PROBLEM DETAILS –
Please repeat only the lines below starting at the line that holds "Chablis 1er Cru" and ending at the line that holds "Diy halloween home", exactly, with both of those lines included and every picture omitted.

RECORDS SUPPLIED –
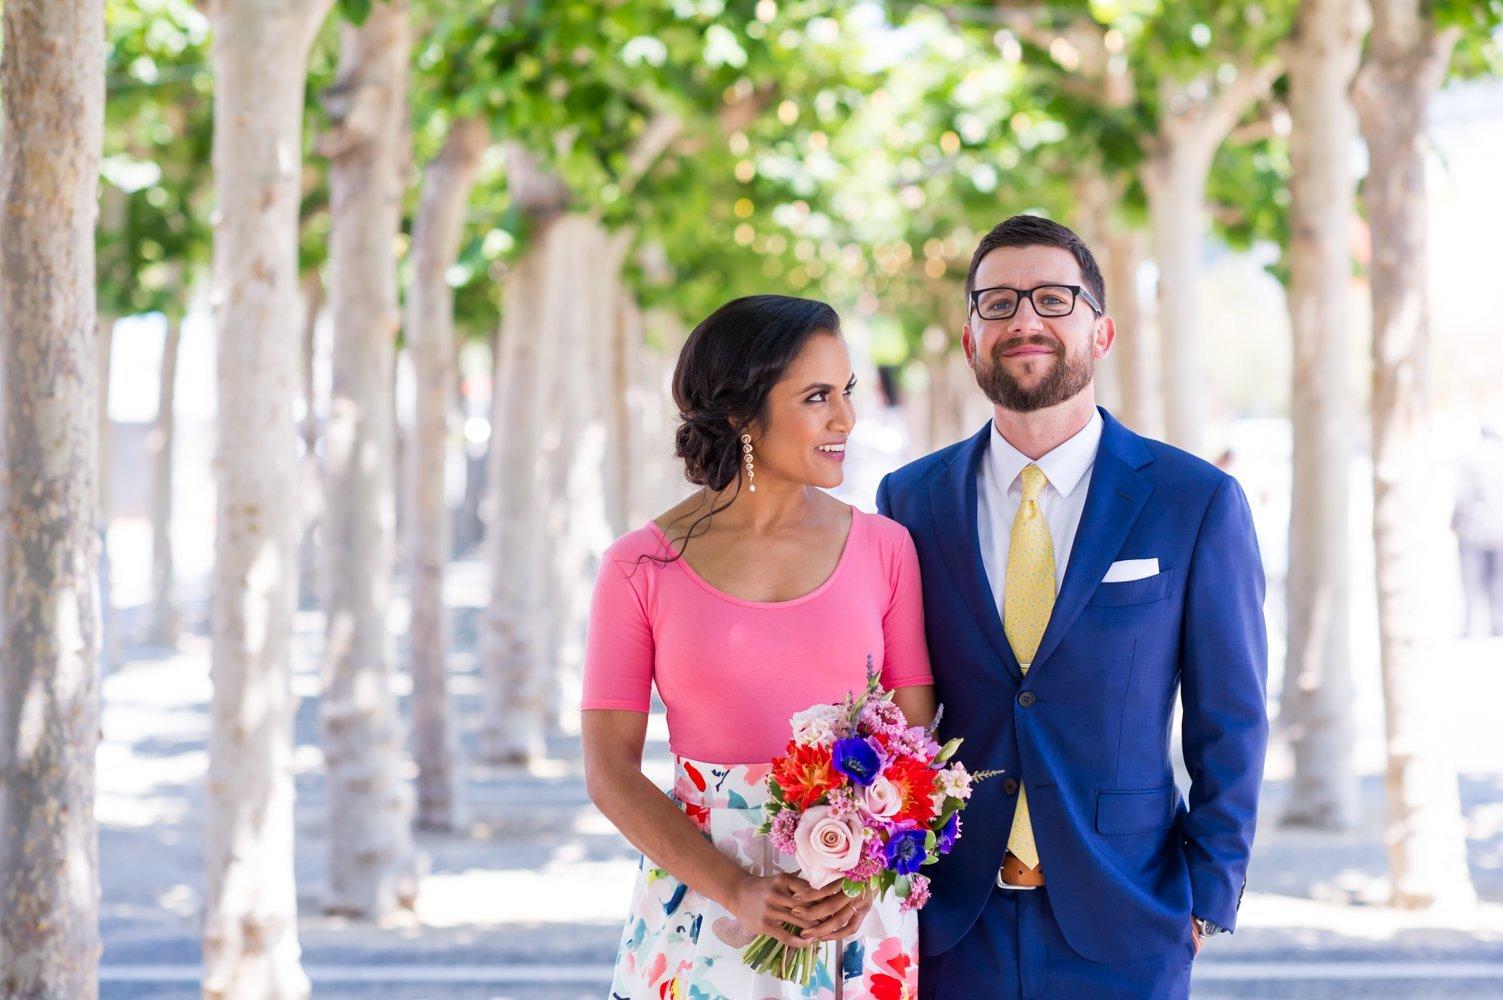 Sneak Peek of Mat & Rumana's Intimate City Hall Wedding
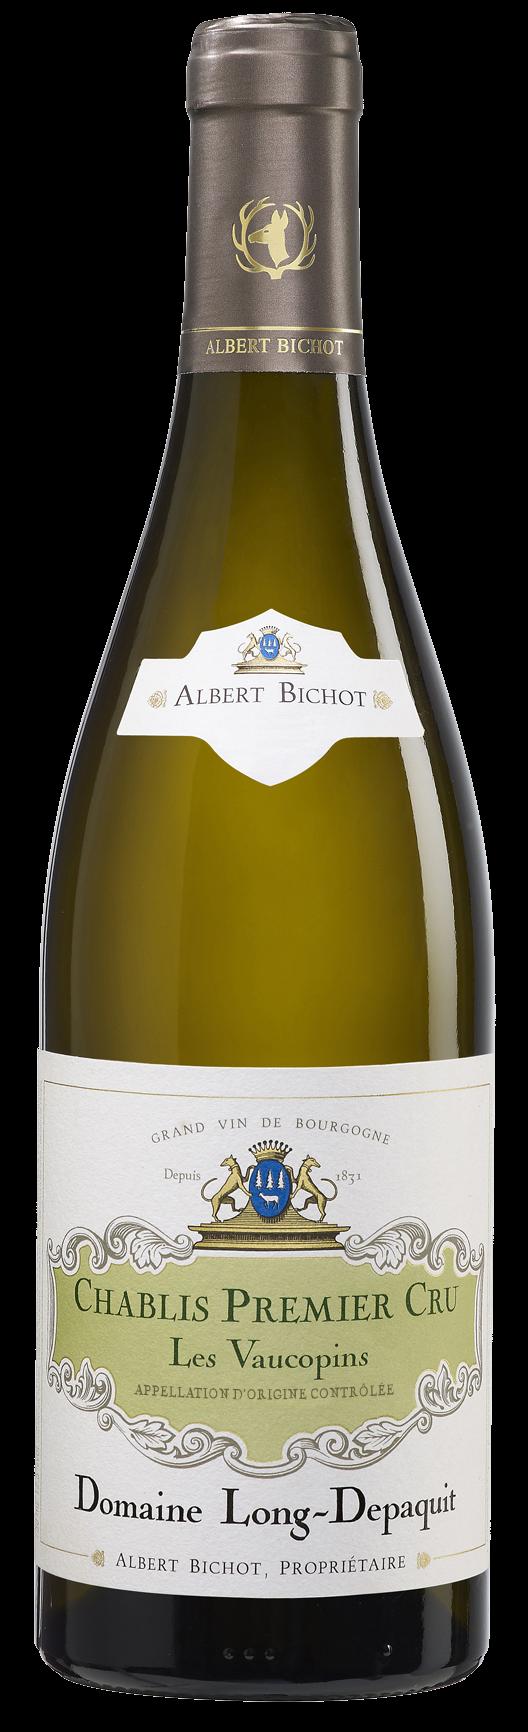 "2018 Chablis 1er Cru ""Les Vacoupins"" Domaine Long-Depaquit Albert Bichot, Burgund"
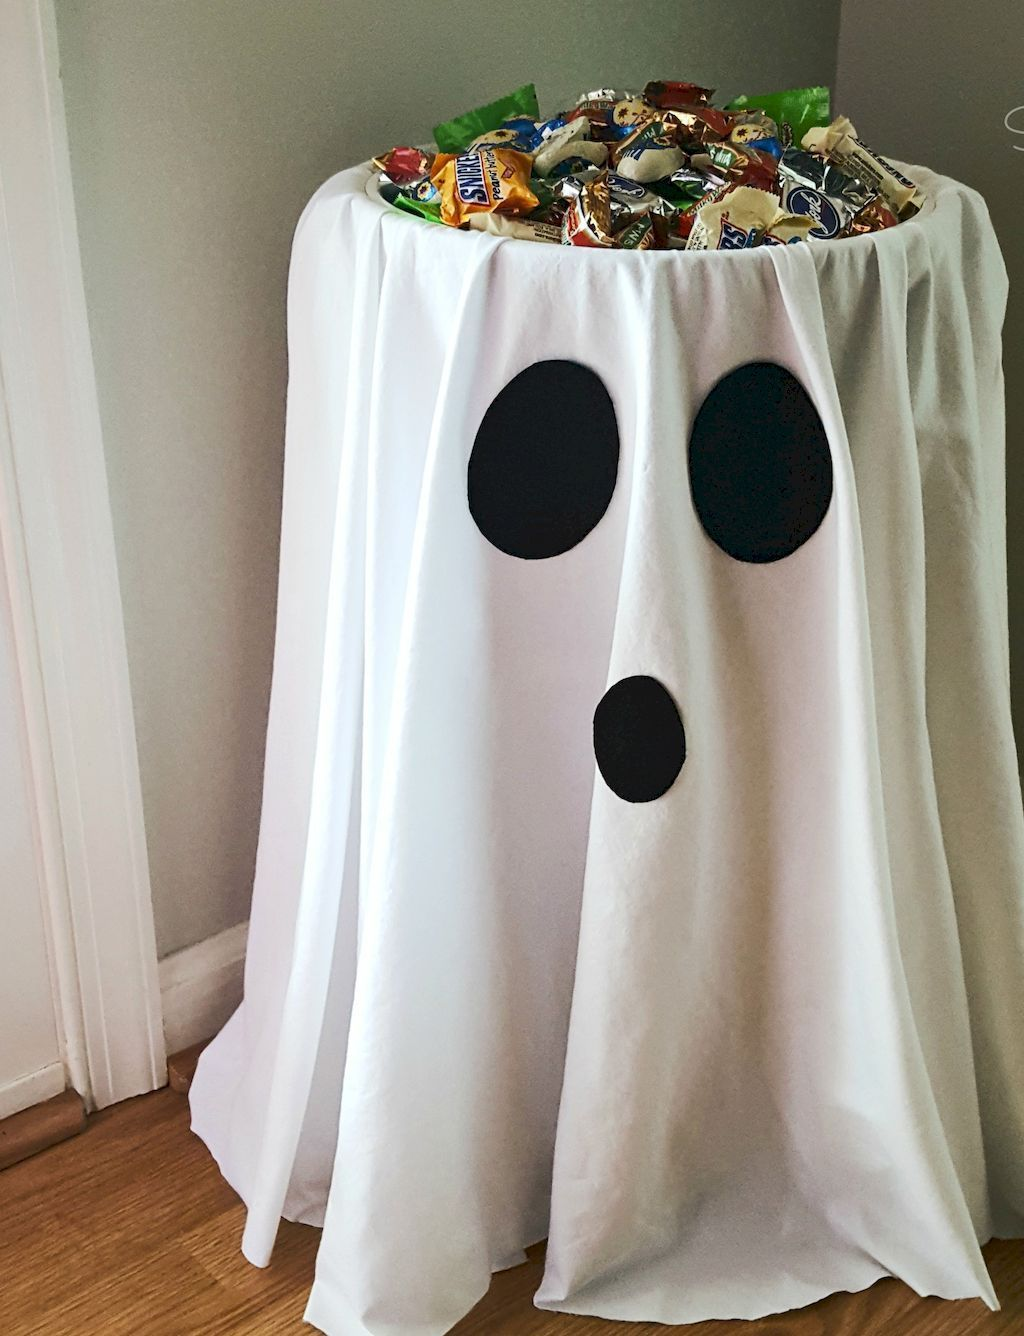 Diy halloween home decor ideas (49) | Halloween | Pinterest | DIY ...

==

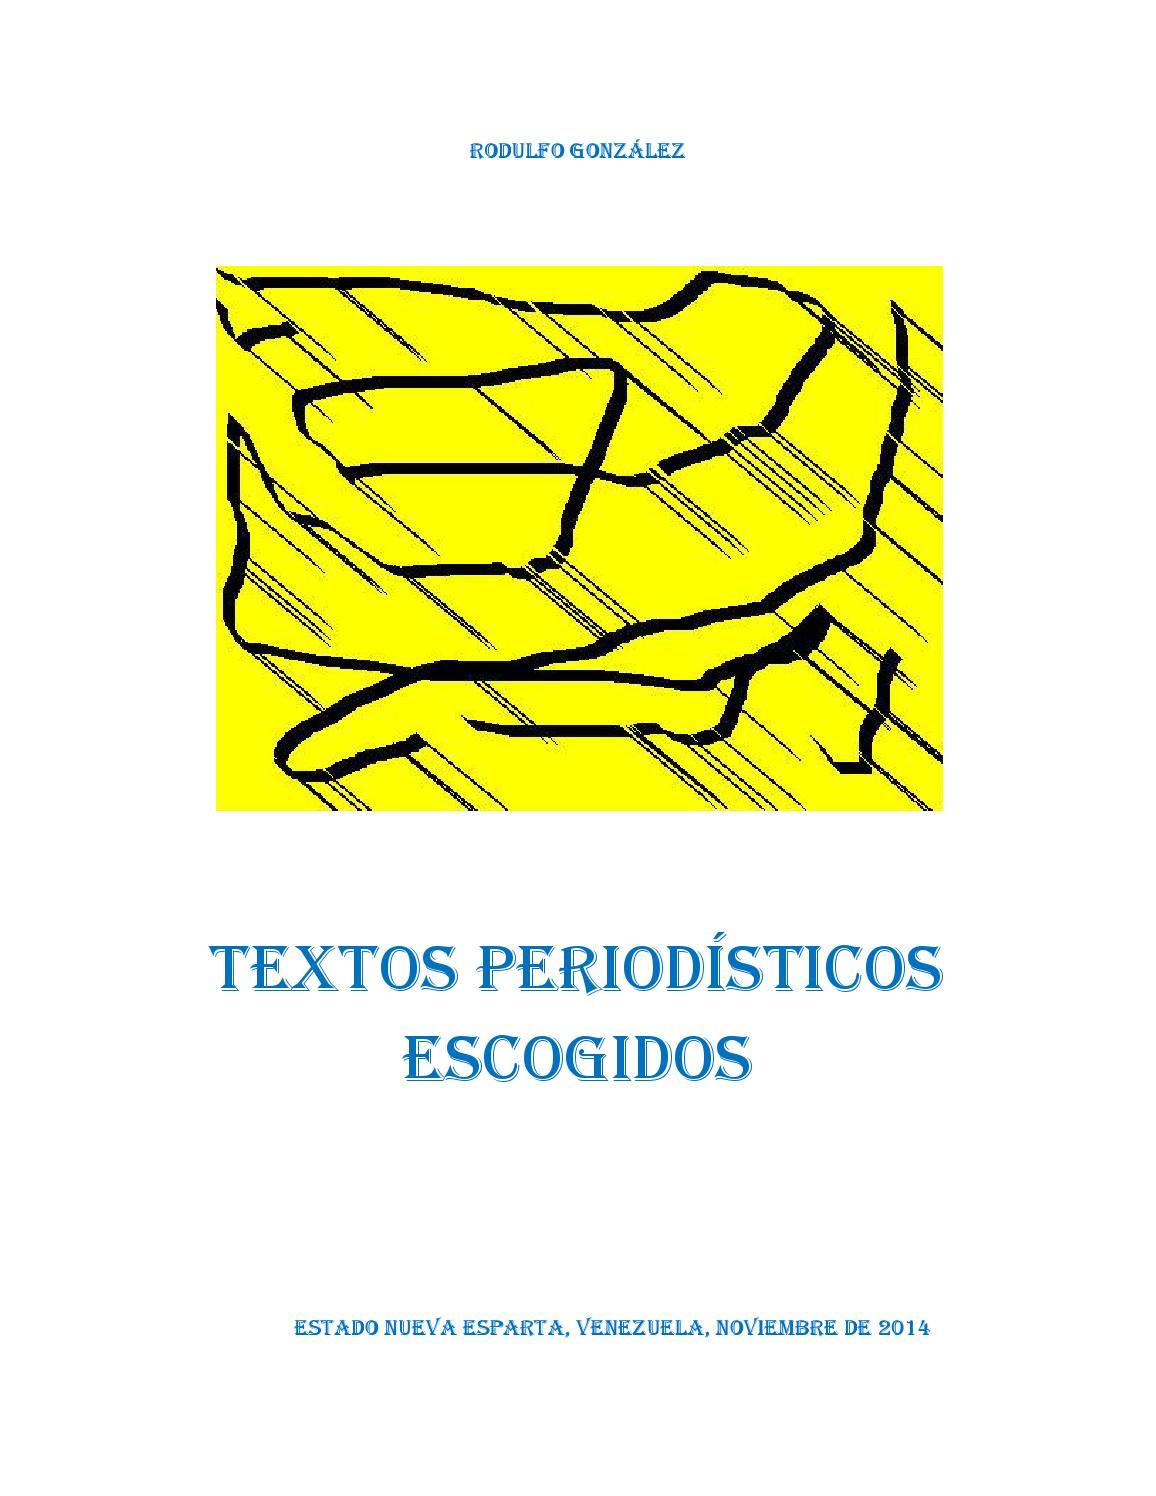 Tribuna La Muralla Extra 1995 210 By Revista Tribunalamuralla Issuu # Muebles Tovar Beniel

* * *

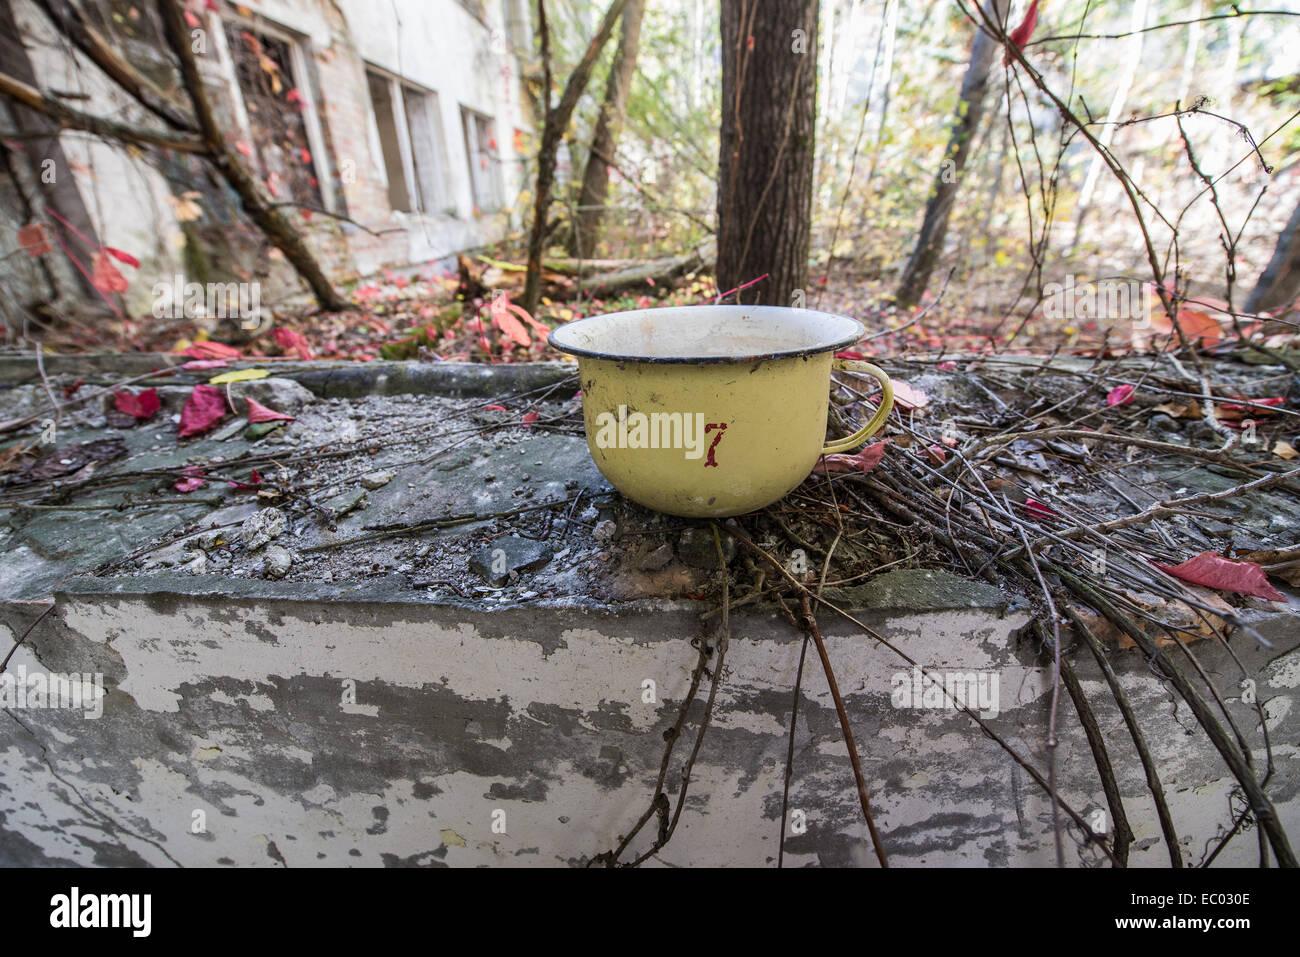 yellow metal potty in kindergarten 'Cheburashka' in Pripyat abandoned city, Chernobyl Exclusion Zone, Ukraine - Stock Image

SOLUTION BELOW –
 "2018 Chablis 1er Cru ""Les Vacoupins"" Domaine Long-Depaquit Albert Bichot, Burgund"
 Diy halloween home decor ideas (49) | Halloween | Pinterest | DIY ...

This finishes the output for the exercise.